С первых же недель, на лекциях по биологии и органической химии, меня стала преследовать мысль о бессмысленности бытия: неужели мы рождаемся, чтобы просто ждать смерти? Это была философия атеизма, но нас и воспитывали атеистами. Чем дальше я учился в медицинском институте, тем запутаннее становилось для меня понятие о целостности человеческого «я», о его неразрывности с духовным началом.
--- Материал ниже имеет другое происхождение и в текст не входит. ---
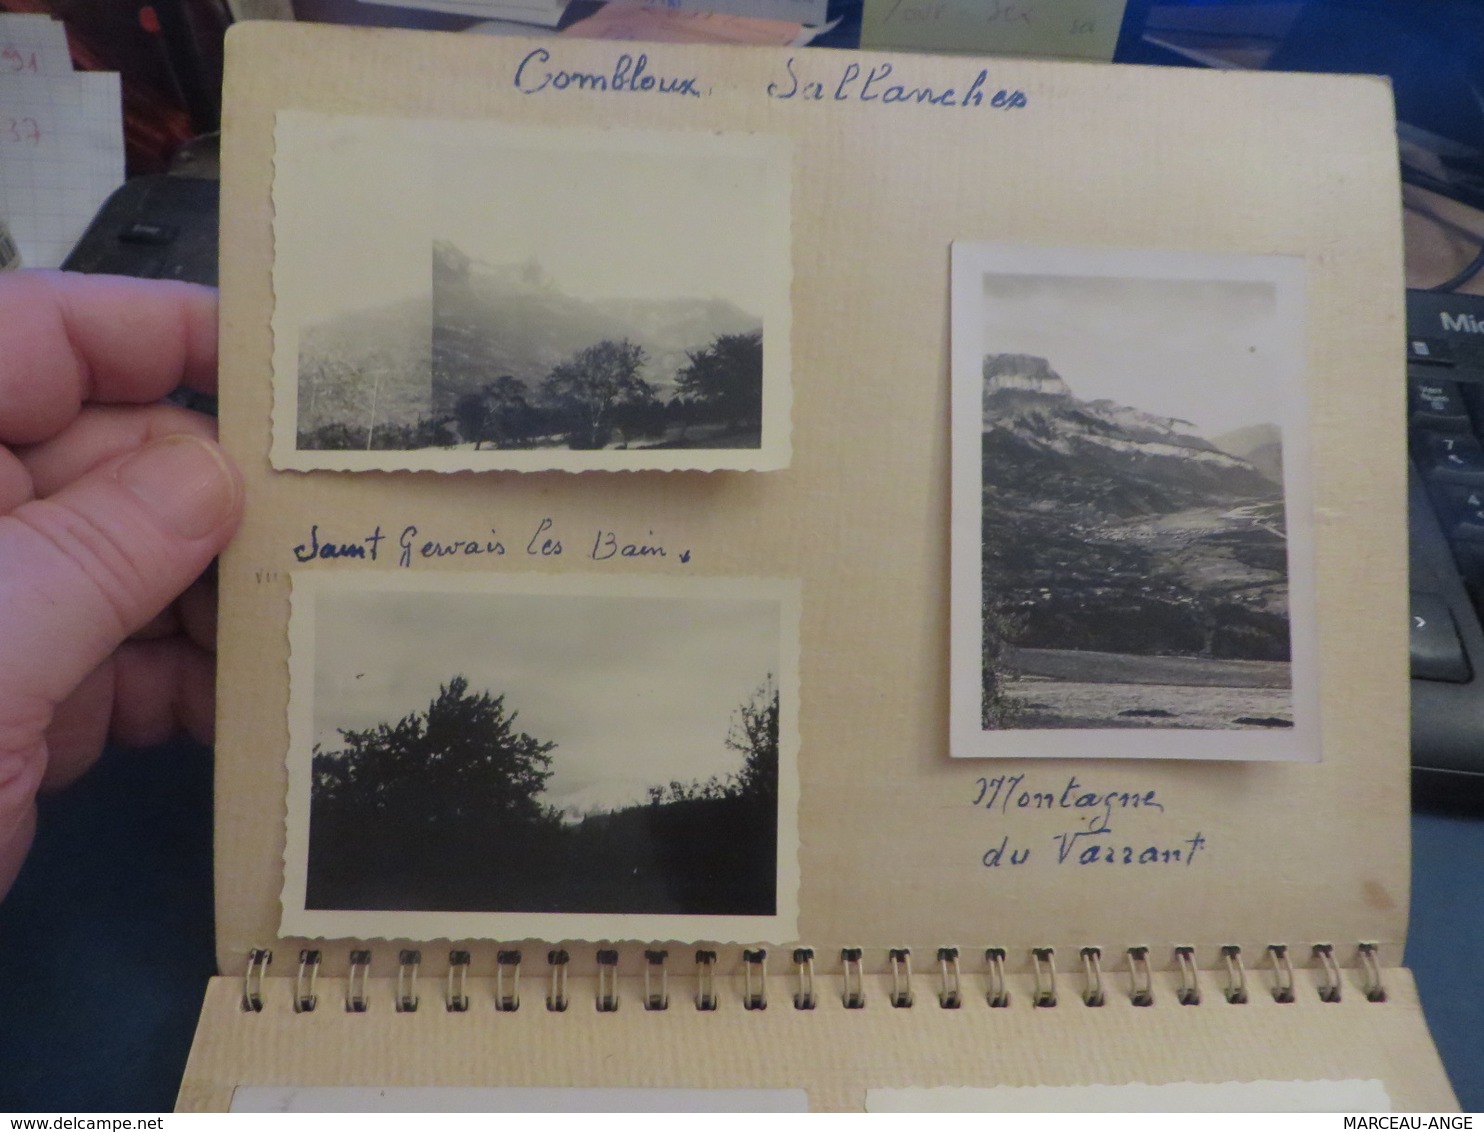 COMBLOUX et divers cartes dans un cahier collées par un coté NOMBREUSES PHOTOS

Я с упоением перечитывал гениальный труд «Гнойная хирургия», написанный святителем Лукой (Войно-Ясенецким) между двумя ссылками за Полярным кругом. Знал, что за этот труд великий хирург удостоен Сталинской премии, но не подозревал тогда, что он является одновременно архиепископом.
Как мы помогали собирать урожай на целине
В сентябре 1958 года вместо занятий мы отправились на целину, в Казахстан, в Кустанайскую область, в Узункольский район. Поехали практически все курсы, правда, не знаю насчет последнего, шестого. Был целый поезд из Ярославля, состоящий из студентов, на два десятка товарных вагонов: нары и никакой еды – только то, что взяли с собой. Но эти трудности нас не пугали – мы все горячо верили, что только последствия войны мешают нам жить в коммунистическом раю.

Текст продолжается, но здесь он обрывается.